事实上,函数read_buf真身位于zip.c文件。
/* ===========================================================================
 * Read a new buffer from the current input file, perform end-of-line
 * translation, and update the crc and input file size.
 * IN assertion: size >= 2 (for end-of-line translation)
 * 从当前输入数据中读入一个新的缓冲区,更新crc码(crc, cyclic-redundancy-check码是一种
 * 常见的纠错码)与文件大小。
 */
int file_read(buf, size)
    char *buf;
    unsigned size;
{
    unsigned len;

    Assert(insize == 0, "inbuf not empty");

	//此处尝试在从文件标识符ifd对应文件向buf写入size大小数据块
    len = read(ifd, buf, size);
    if (len == (unsigned)(-1) || len == 0) return (int)len;
	//crc是全局long变量,未压缩的文件自带
    crc = updcrc((uch*)buf, len);
    isize += (ulg)len;
    return (int)len;
}

@注3

MIN_LOOKAHEAD 常量的定义位于文件gzip.h,描述如下:
#define MIN_LOOKAHEAD (MAX_MATCH+MIN_MATCH+1)
/* Minimum amount of lookahead, except at the end of the input file.
 * See deflate.c for comments about the MIN_MATCH+1.
 */

#define MAX_DIST  (WSIZE-MIN_LOOKAHEAD)
/* In order to simplify the code, particularly on 16 bit machines, match
 * distances are limited to MAX_DIST instead of WSIZE.
 */
 其中MAX_MATCH = 258, MIN_MATCH = 3, 
 表示匹配长度小于3的一对串不能算作匹配串,因为光三元组
((charactor(匹配串的起始字符), distance, length))
 就不止3个字节了,强行压缩反而把数据量搞大了.
滑窗结构图


(看不清楚请点右键在新选项卡中打开)
如图,MIN_LOOKAHEAD 表示了超前查看区最小的长度,当不够时,就会调用fill_window函数。

@注4.
宏UPDATE_HASH与宏INSET_STRING 构成了一个哈希函数,其哈希值的求法比较特殊,是动态生成的,
也就是说,随着strstart指针的前进,不断由之前的旧值更新来得到新串的哈希值。
对于任意的字符串,其哈希值由其前3个字符生成,为什么是3个呢?因为MIN_MATCH = 3,
因此,前3项相同的串必为匹配串,从而匹配串总能被hash到同一条链内,虽然同一条链内的串不一定
都互为匹配串。
代码如下(按照我的思路,把2个宏的声明顺序换了一下)

/* ===========================================================================
 * Insert string s in the dictionary and set match_head to the previous head
 * of the hash chain (the most recent string with same hash key).
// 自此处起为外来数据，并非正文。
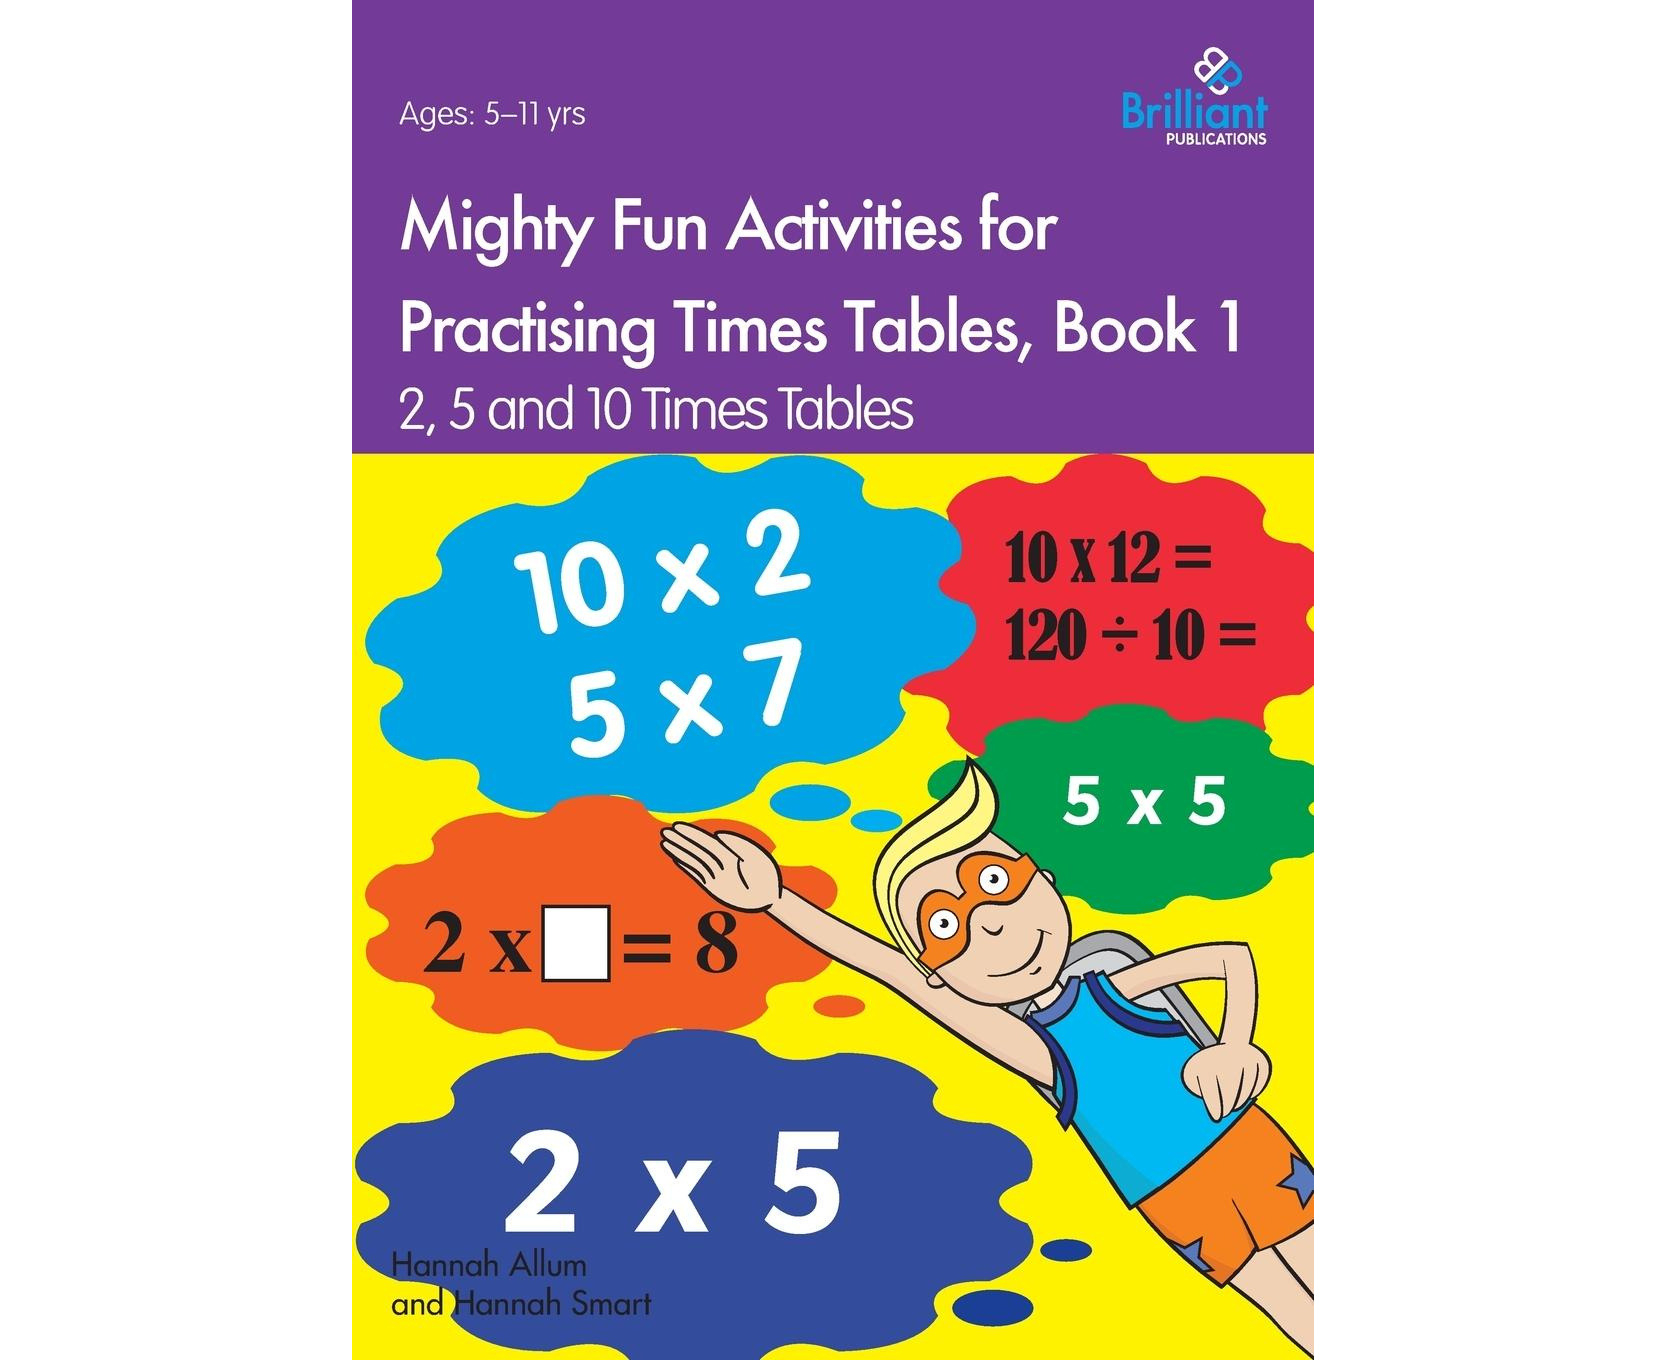 Mighty Fun Activities For Practising Times Tables 2 5 And 10 Times Tables Book 1 Au 9878

Return
 * the previous length of the hash chain.
 * IN  assertion: all calls to to INSERT_STRING are made with consecutive
 *    input characters and the first MIN_MATCH bytes of s are valid
 *    (except for the last MIN_MATCH-1 bytes of the input file).
 * 参数:
 * s为当前字符c位置,即strstart, 
 * match_head用于记录之前链头字符串地址;
 * 综述:
 * 掩码WMASK = WSIZE - 1,用于生成位于s位置的字符c在prev数组中的链接值。
 * 目的是保持如下的映射: 
 * prev[(字符c的位置s) & WMASK] = 同一链中位于c之前那个串在窗口中的起始字符位置
 * head[(以c为首的串生成的哈希码ins_h)] = c在窗口中的位置
 */
#define INSERT_STRING(s, match_head) \
   (UPDATE_HASH(ins_h, window[(s) + MIN_MATCH-1]), \
    prev[(s) & WMASK] = match_head = head[ins_h], \
    head[ins_h] = (s))
    
/* ===========================================================================
 * Update a hash value with the given input byte
 * IN  assertion: all calls to to UPDATE_HASH are made with consecutive
 *    input characters, so that a running hash key can be computed from the
 *    previous key instead of complete recalculation each time.
 *    参数:h为旧的哈希码,c为从INSERT_STRING中传入的的字符window[s + 2],
 *    综述:设哈希码长度为HASH_BITS,
 *    设计H_SHIFT = (HASH_BITS + MIN_MATCH - 1) / MIN_MATCH,
 *    即H_SHIFT 为哈希码长度除以3再向上取整,原因如下:
 *    设strtsart  = s, 此时生成的哈希码只能与
 *    window[s], window[s + 1], window[s + 2]有关,这一点是必须的,因此,必须通过左移将之前
 *    window[s - i],window[s - i + 1],......,window[s - 1](i >= MIN_MATCH - 1)
 *    产生的哈希码去掉,
 *    不妨设每次左移r位;
 *    window[s - i]左移一次,window[s - i + 1]左移一次,...,window[s]左移一次,
 *    共有i + 1次机会,从而(i + 1) * r >= HASH_BITS, 且 i >= MIN_MATCH - 1,
 *    于是 r = (HASH_BITS + i) / (i + 1) <= (HASH_BITS + MIN_MATCH - 1) / MIN_MATCH 
 */
#define UPDATE_HASH(h,c) (h = (((h)<<H_SHIFT) ^ (c)) & HASH_MASK)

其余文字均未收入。